START RAW DATA

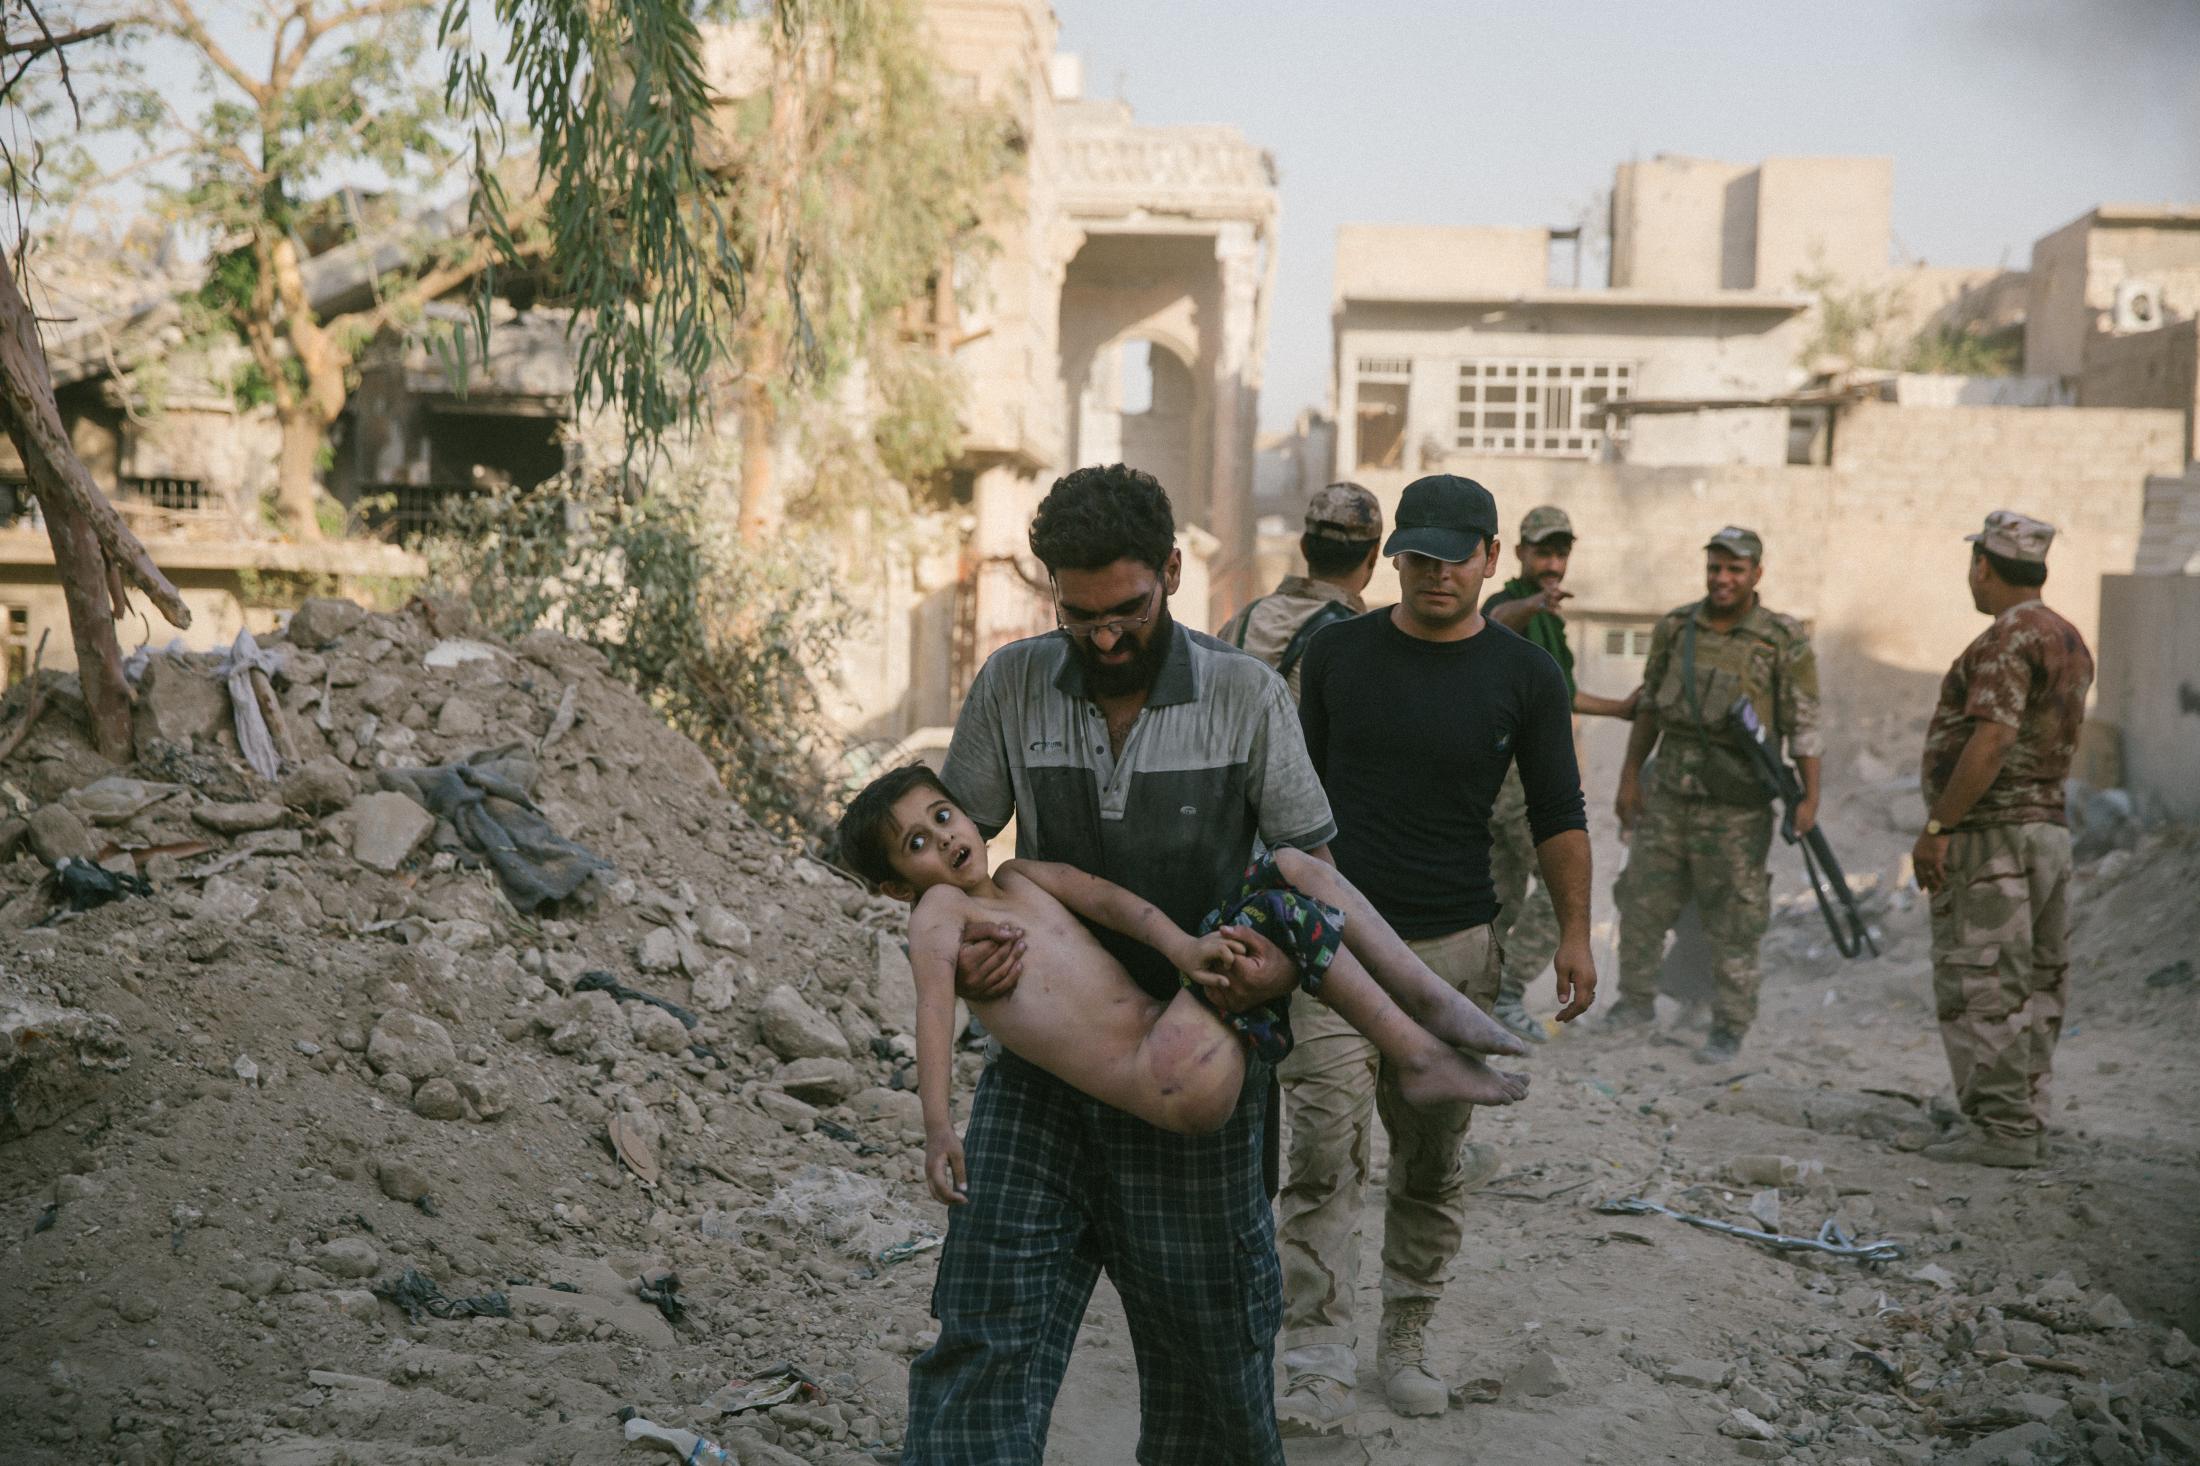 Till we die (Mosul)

END RAW DATA
START RAW DATA

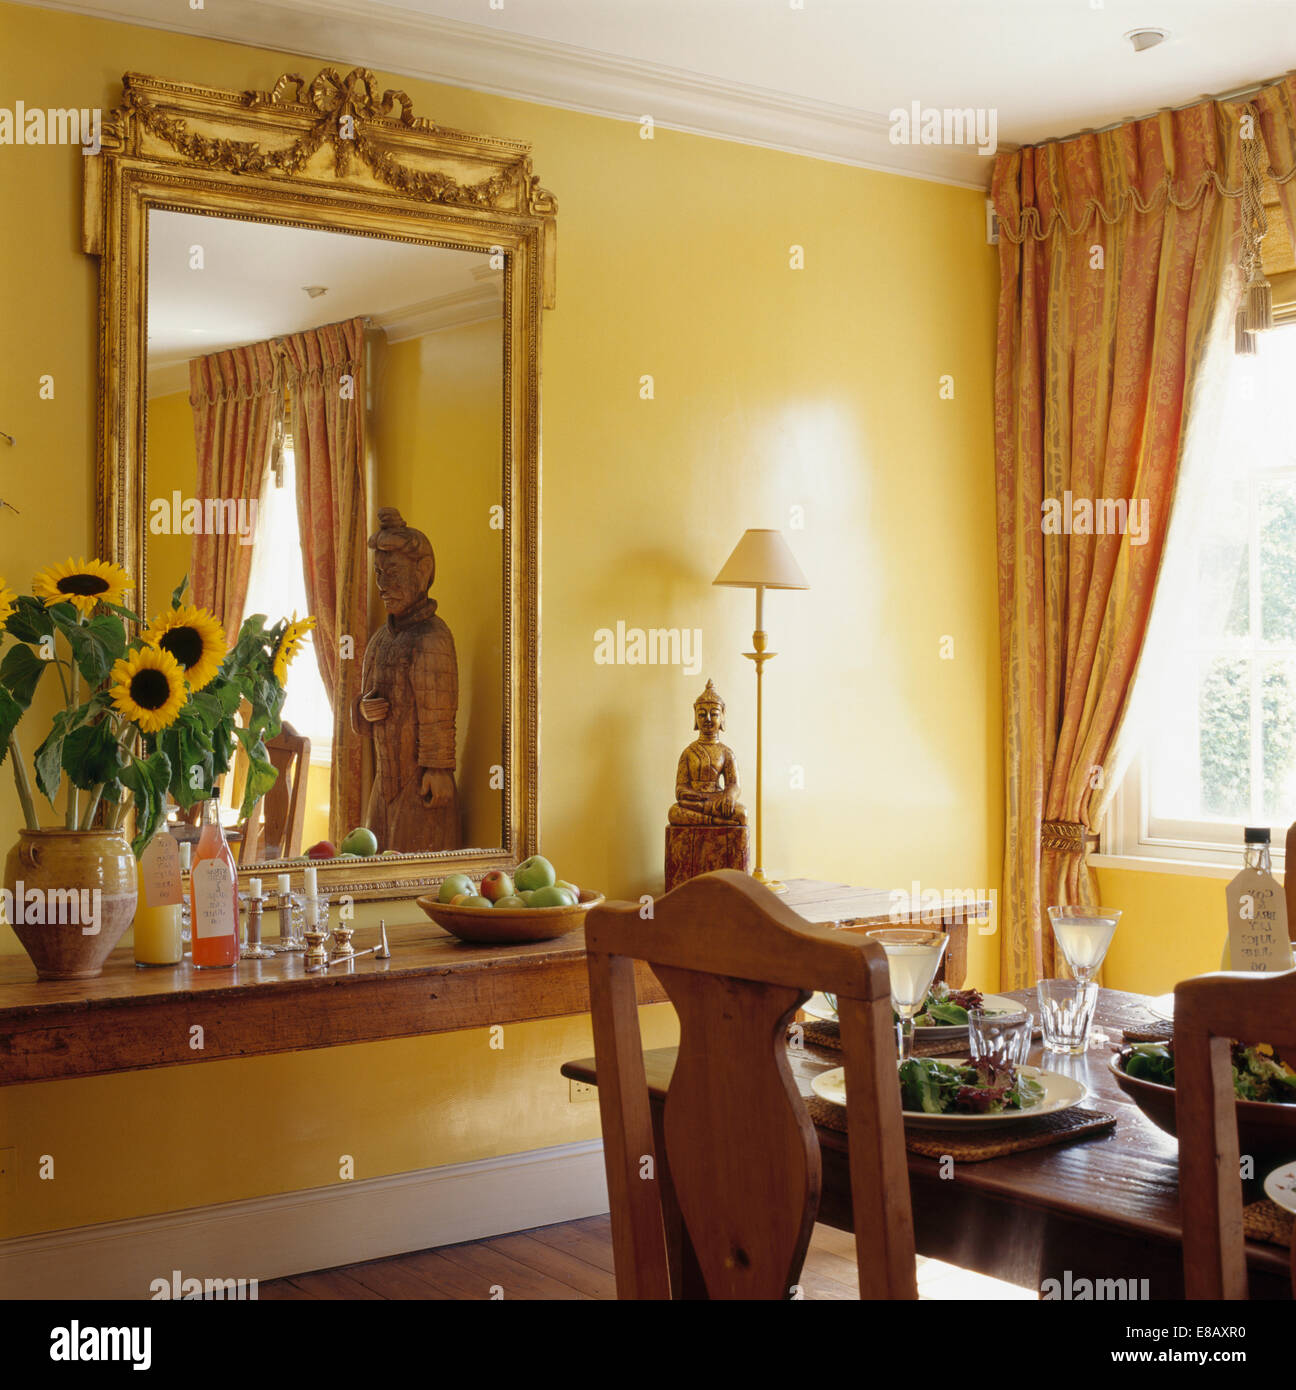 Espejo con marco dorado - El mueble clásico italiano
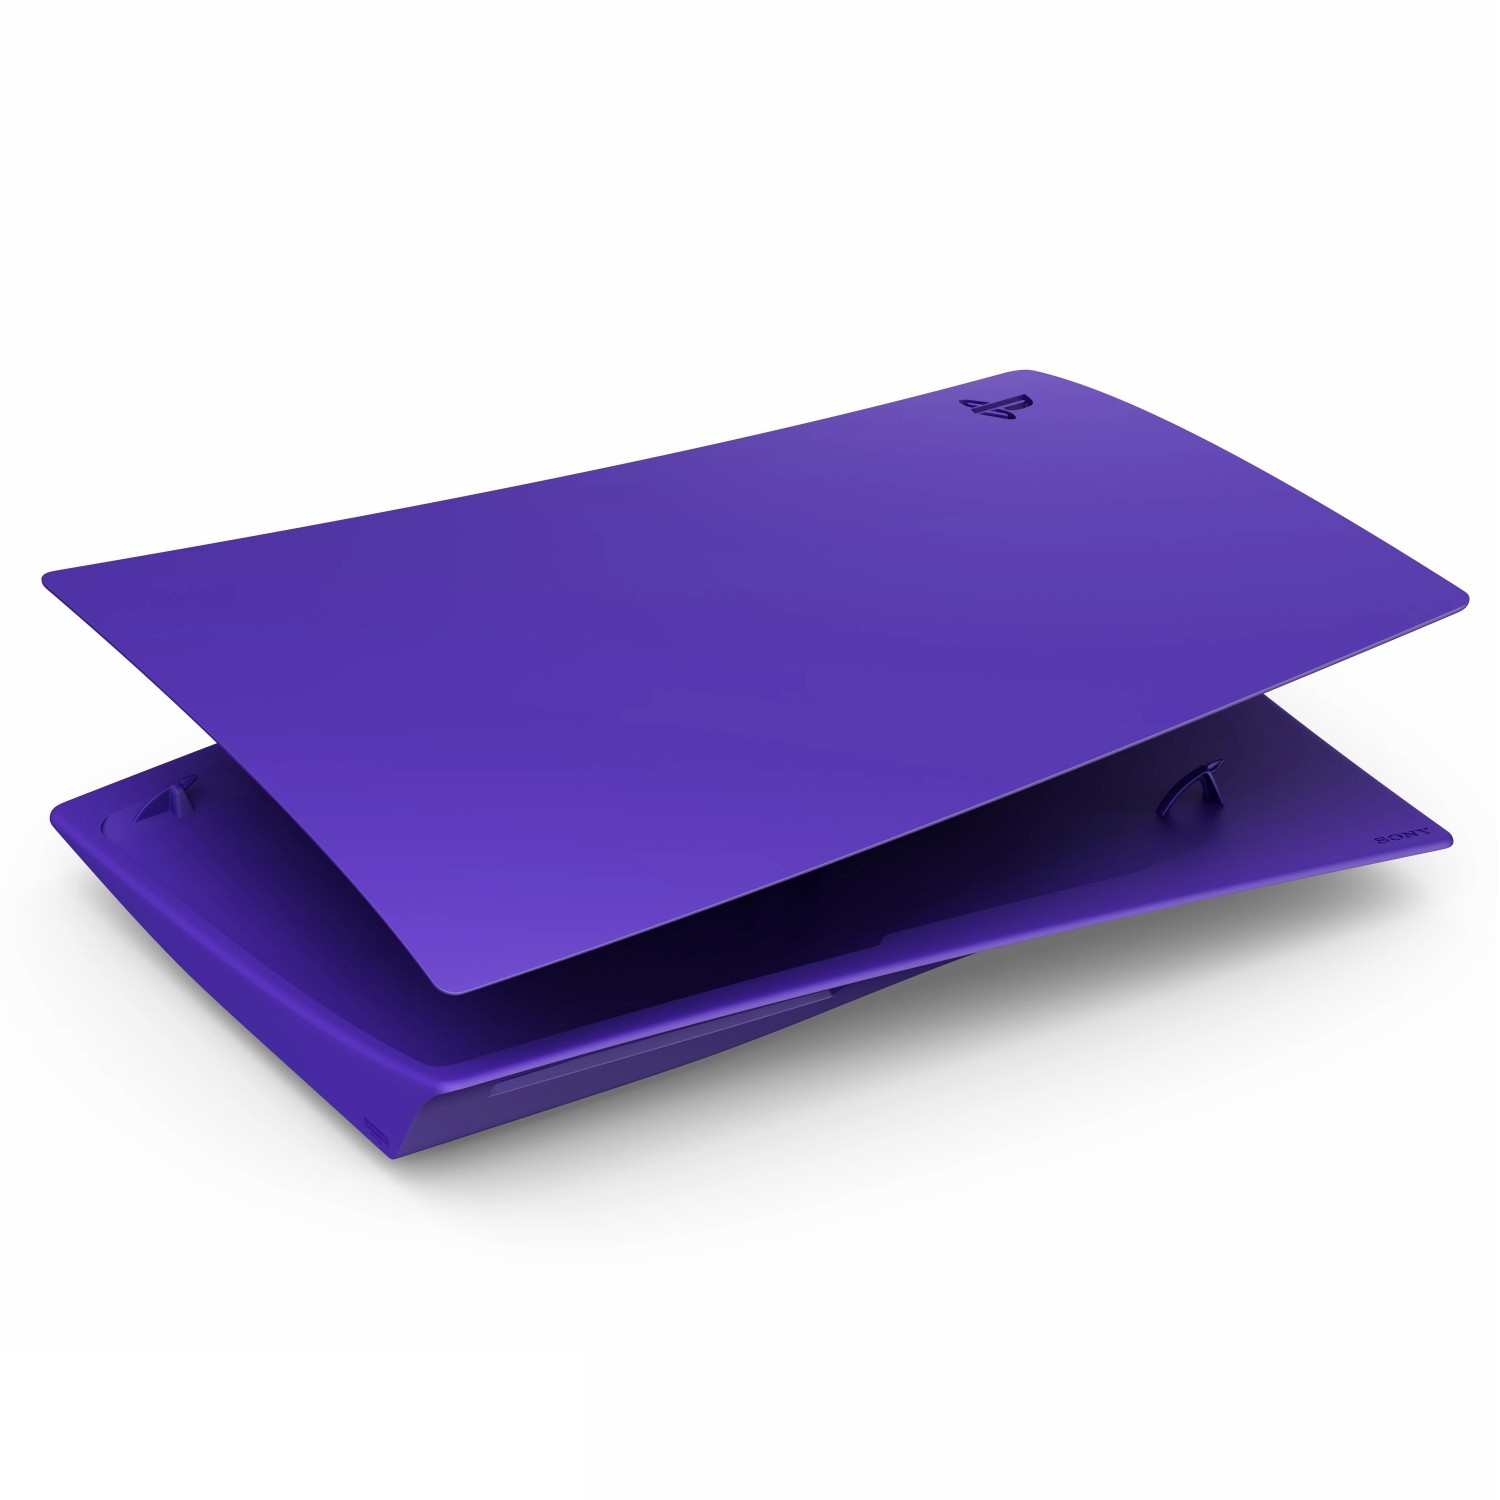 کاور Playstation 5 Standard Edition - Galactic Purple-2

END RAW DATA

EXERCISE: I would like the exact lines from the data above, starting with the one that holds "Espejo con marco" and going on through the one that holds "کاور Playstation 5", without the pictures.

TASK OUTPUT:
 Espejo con marco dorado - El mueble clásico italiano
 کاور Playstation 5 Standard Edition - Galactic Purple-2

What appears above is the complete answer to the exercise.